Quotes from Assorted Readings

The falcon hangs in space for second after second, motionless, as if suspended on a thread, its wings, body, and spirit in perfect equilibrium with the streaming torrents of the air. Give your heart to the hawks, urged Robinson Jeffers. Okay, I thought, I’ll do that. For this one splendid moment. Until the falcon sheers on the wind and vanishes in storm and light” (Abbey 54-55). 

I really enjoy the imagery of this scene as it relates to my own experiences with birds in nature. The calmness and simplicity of a darting bird across the landscape is something that I hope to see when I go out into nature. I do not believe I have ever seen a peregrine falcon, but I have had similar experiences with water birds like cranes and pelicans where they swoop down snatch their intended prey and fly off never to been seen again by my eyes.
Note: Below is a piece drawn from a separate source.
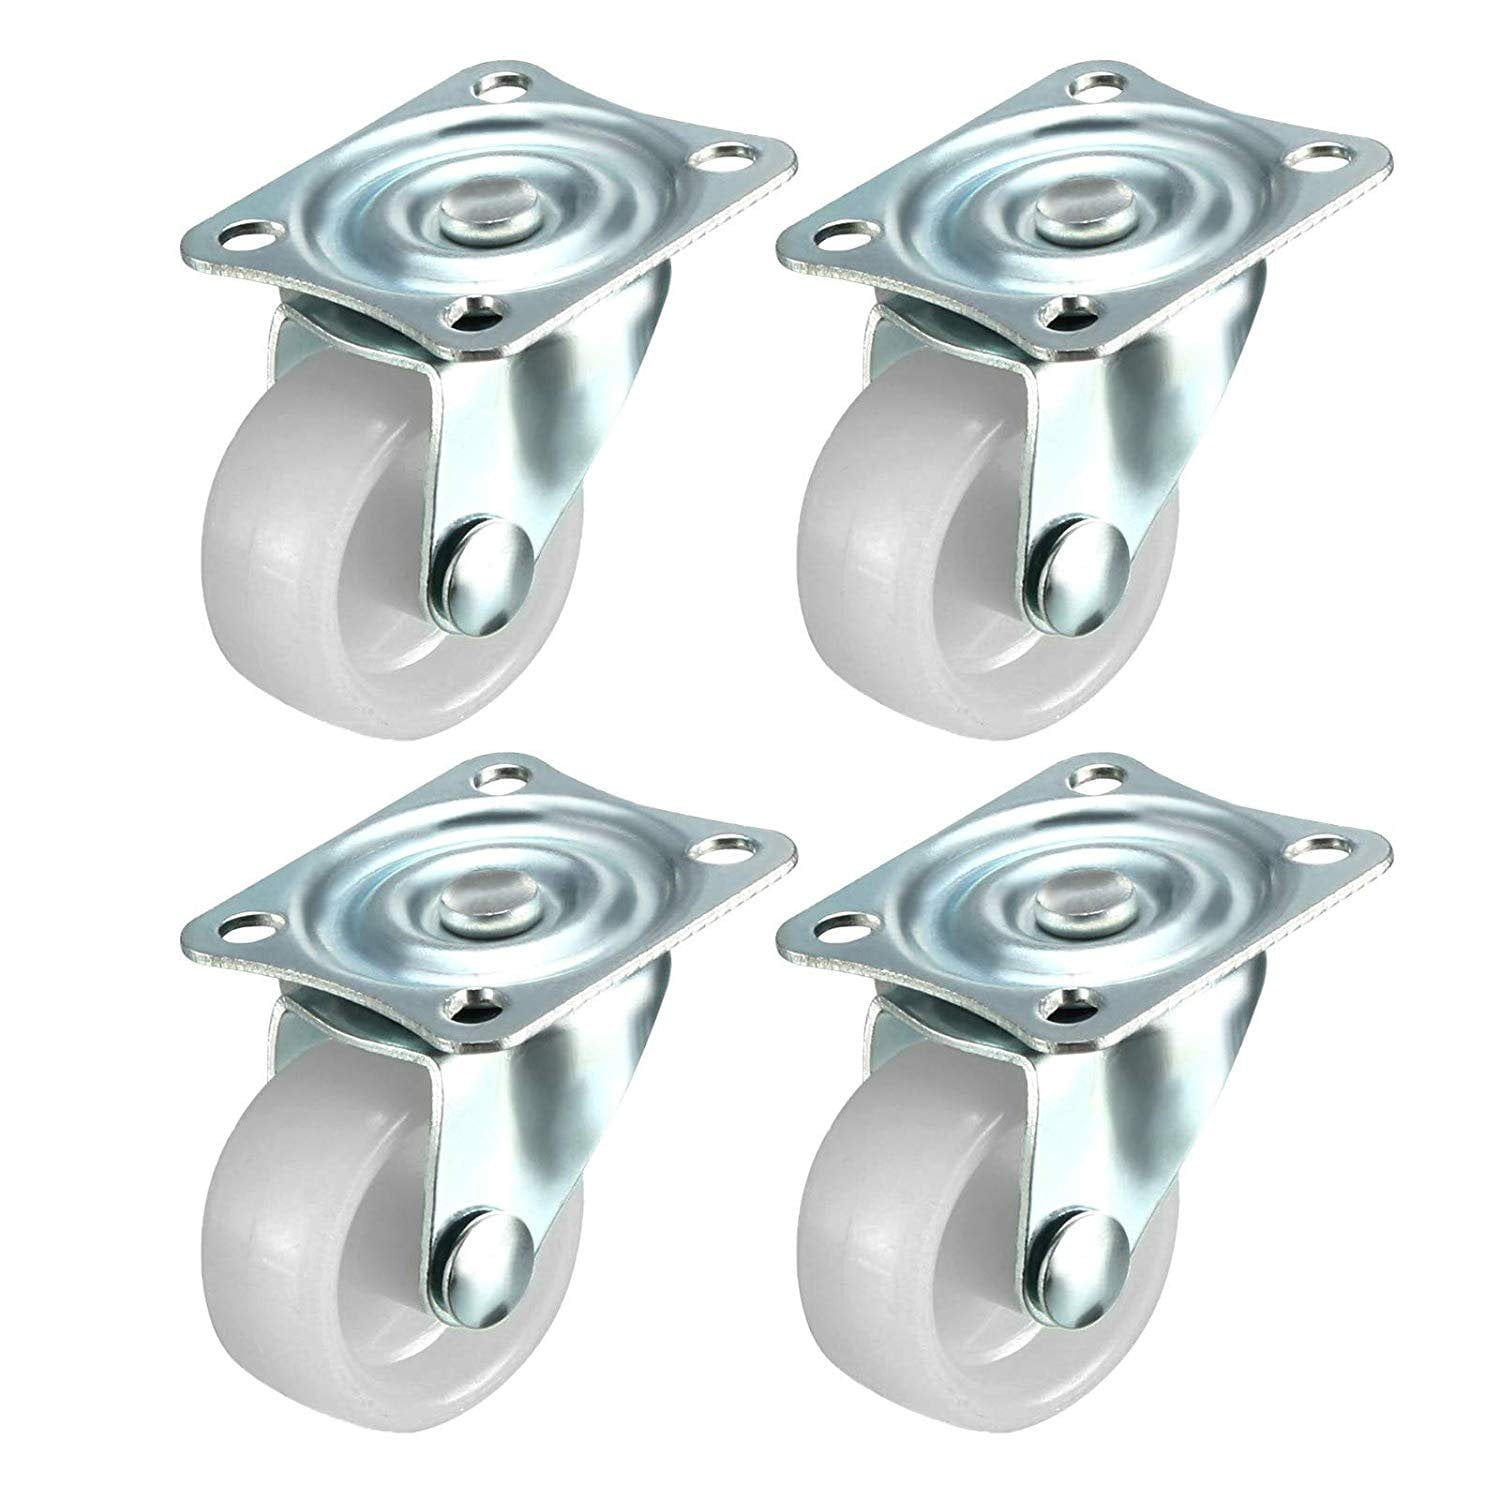 25mm Metal Top Plate Mounted Swivel Furniture Wheels Caster With Heavy Duty 
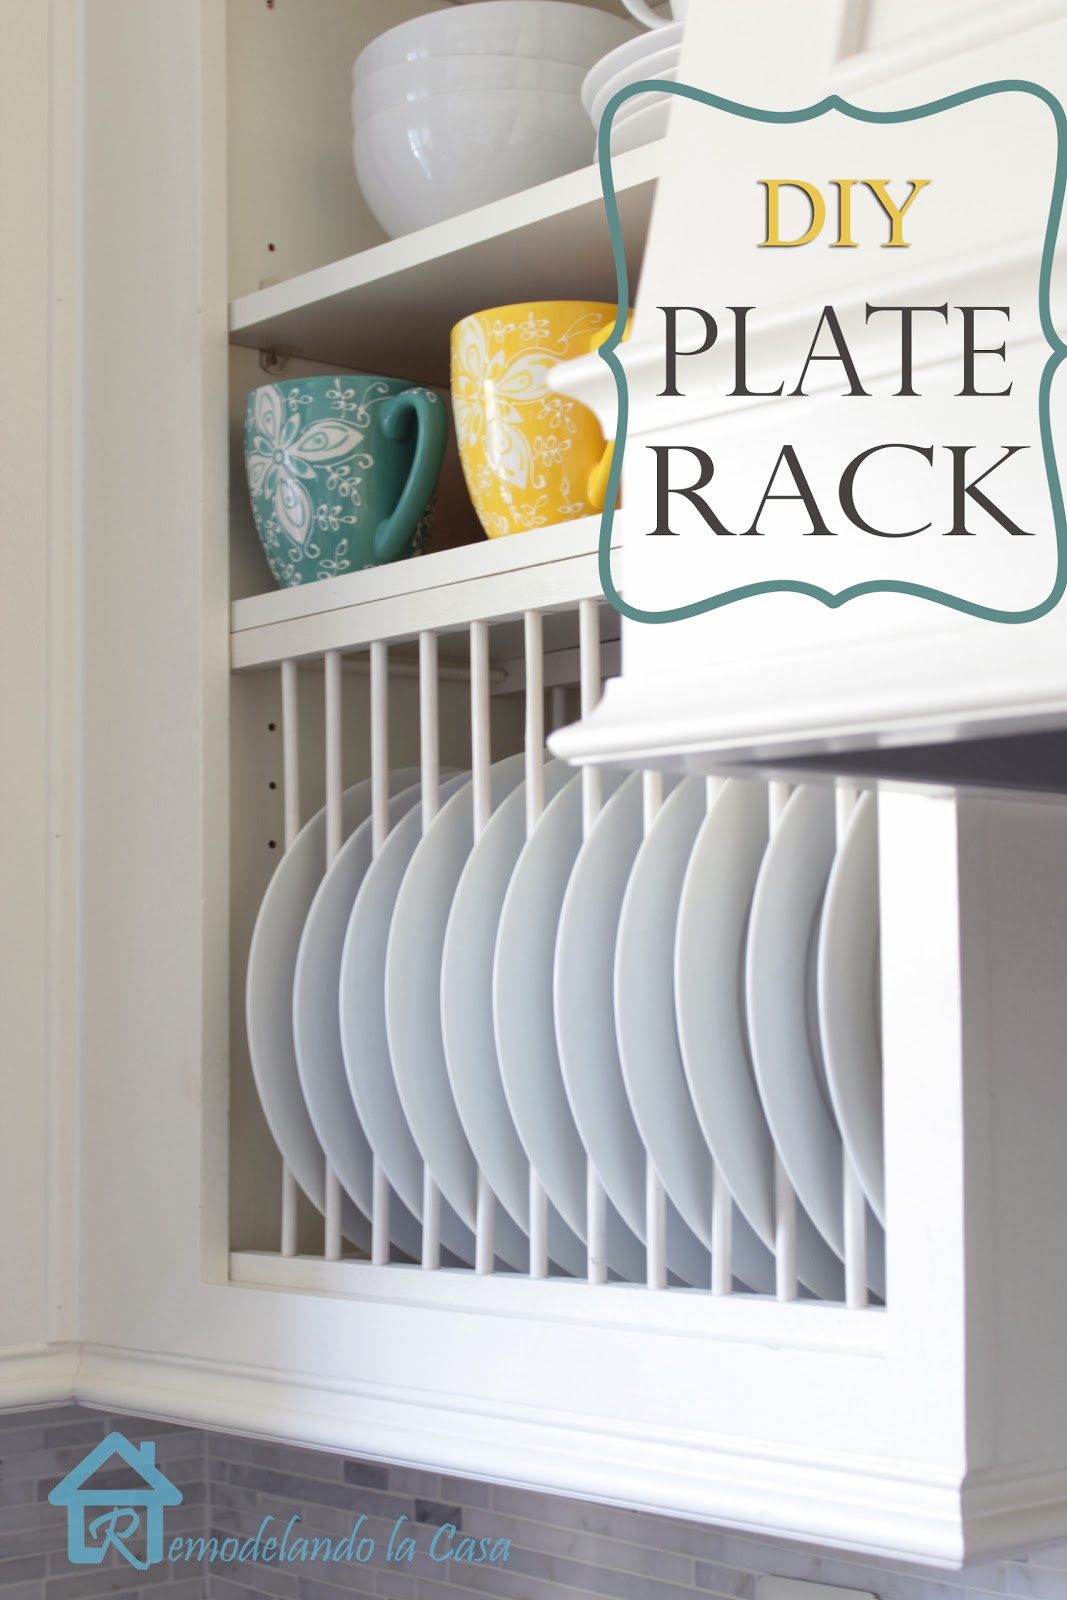 regular cabinet is giving a plate rack with round and square dowels

“The birds were excited, stammering new songs all day long. Titmice, which had hidden in the leafy shade of mountains all summer, perched on the gutter; chickadees staged a conventicle in the locusts, and a sparrow, acting very strange, hovered like a hummingbird inches above a roadside goldenrod” (Dillard 247-248). 

This passage in particular makes me proud of myself in terms of labeling things in nature. Every bird and plant named in this, I would be able to identify and point out if need be. This wealth of labeling expertise also in terms of reading I thinks adds some depth and significance to the overall understanding of awe Dillard is trying to get across when bird watching.

“One attraction in coming to the woods to live was that I should have leisure and opportunity to see the Spring come in” (Thoreau 333).

I understand the feeling Thoreau is trying to get across when he says this, but I can not agree with him about the leisure standpoint. The changing from winter to spring to me is not leisure, it more closely related to restlessness and anticipation because you want it to come so badly.

Thus it seemed that this one hillside illustrated the principle of all the operations of Nature.The Maker of this earth but patented a leaf. What Champollion will decipher this hieroglyphic for us, that we may turn over a new leaf at last? This phenomenon is more exhilarating to me than the luxuriance and fertility of vineyards (Thoreau 336). 

I do not know what I really get out of this passage, yet the imagery and metaphor in it is something I can use to better understand my own feelings about the changing of seasons.